Eigentlich glaube ich das es nicht daran liegen kann, dass wir jetzt eine etwas neuere Version benutzen. Irgendetwas müssen wir übersehen haben.

Auch ich rufe um Hilfe: Hat jeman einen kleinen Tipp für uns??

Viele Grüße,

Alex

----------

## benjamin200

 *Quote:*   

> 
> 
> Eigentlich glaube ich das es nicht daran liegen kann, dass wir jetzt eine etwas neuere Version benutzen. Irgendetwas müssen wir übersehen haben. 
> 
> 

 

Sorry, aber übersehen habe ich zu 99% nichts. Das Howto ist ja auch nicht übermäßig lang. Was ich aber sicher sagen kann, ist dass die Config Files, welche im Wiki Howto erwähnt werden, mir nicht korrekt erscheinen. Kleiner Tipp: schau dir mal die cyrus.conf an und dann such nach der cyrus-local.conf - existiert sie? Ich würde sagen nein. Wieso nicht? Weil sie noch erstellt werden muss. Wieso steht das nicht im Howto? Ich weiß es nicht.

Aber ich weiß, dass das Howto auf...

http://www.delouw.ch/linux/Postfix-Cyrus-Web-cyradm-HOWTO/html/

...wesentlich genauer und detaillierter ist. Wenn du es dir anschaust, wirst du sehen, dass es von hier auf Wiki kopiert wurde. Mit dem einzigen Unterschied, dass es hier www.delouw.ch vollständig ist.

 *Quote:*   

> 
> 
> Auch ich rufe um Hilfe: Hat jeman einen kleinen Tipp für uns?? 
> 
> 

 

Cyrus hat tolle Mailinglisten, durch die ich gerade stöbere.
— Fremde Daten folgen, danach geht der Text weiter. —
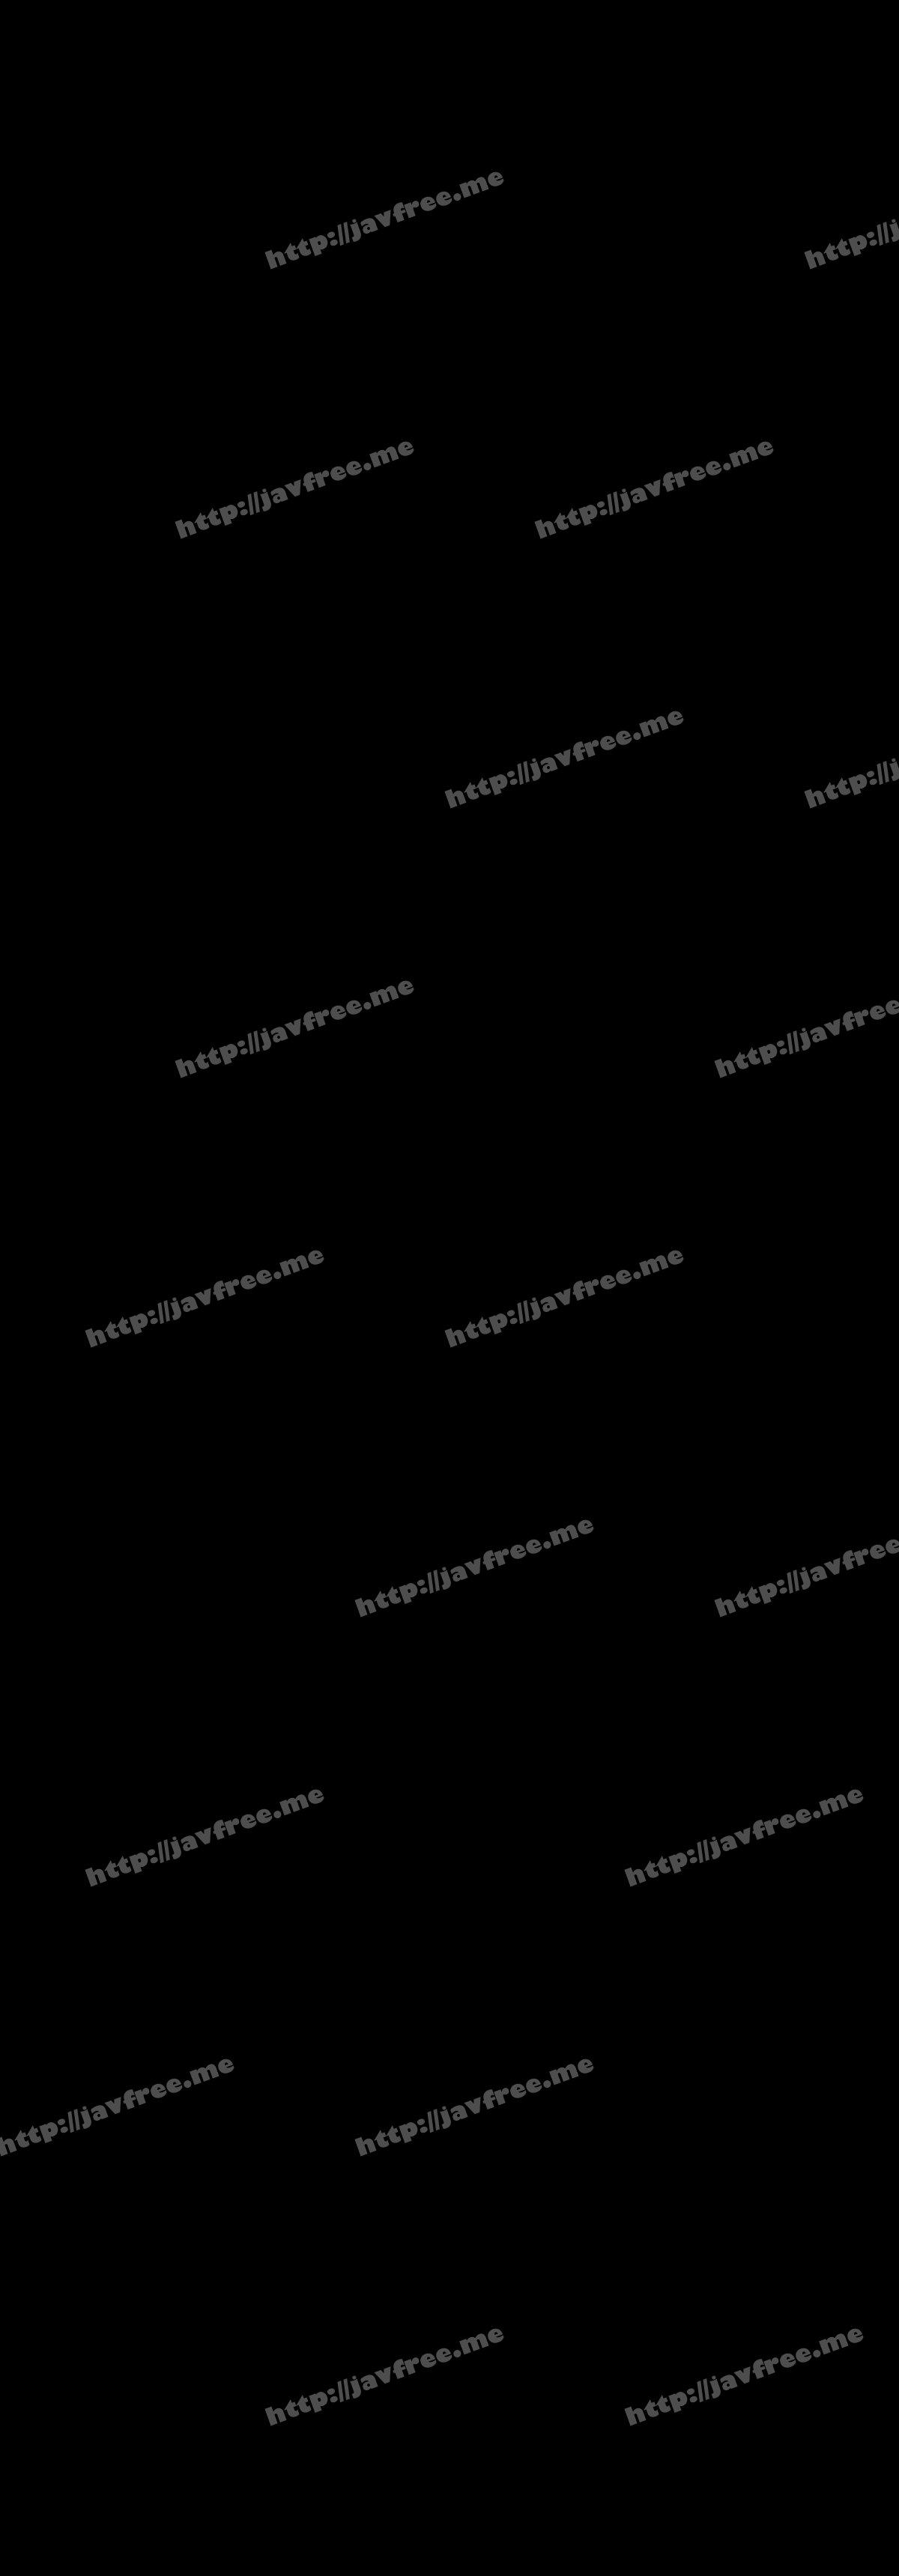 [HD][STARS-433] あの日、私は社長と秘書以上の関係になりました・・・。最初の離婚後、エロ社長に拾われてオフィス内で周りにバレながらも性処理まですることに - image STARS-433-1080p on https://javfree.me

Ich halt dich und natürlich alle anderen auf den aktuellen Stand. Wird schon schiefgehen  :Smile: 

Thx,

Benjamin

----------

## EtaCarinae

Hm...ich habe nochmal etwas gegoogelt. Ich hab da noch ein anderes HowTo gefunden: http://www.postfix-howto.de/

Ich habe also erstmal alles bei mir wieder deinstalliert und alle Config-Files gelöscht, damit ich ganz von vorn beginnen kann.

Dieses HowTo erscheint mir wirklich sehr vollständig. Gut, hier wird beschrieben, wie man die Programme alle selbst baut und so. Das habe ich dann erstmal nicht gemacht. Die Programme selbst habe ich über emerge installiert. Die Konfigurationen habe ich dann nach diesem HowTo angelegt.

Tja, was soll ich sagen? Exakt der gleiche Fehler tritt auf!!  :Sad: 

Hm...hier wird auch die Version 2.1.19 von cyrus-sasl benutzt. Ob das wirklich daran liegt das wir eine etwas neuere Version benutzen wollen??

Oder ob ich es doch einfach mal versuche emerge nicht zu benutzen und die Programme wirklich alle selbst zu bauen? Aber dann wäre ja der Vorteil von emerge und portage weg...so wegen aktualisierung und so.

-Alex

----------

## EtaCarinae

Oh, ich hab etwas gefunden!

Könnte es sein, dass cyrus-imapd nicht auf AMD-Prozessoren läuft??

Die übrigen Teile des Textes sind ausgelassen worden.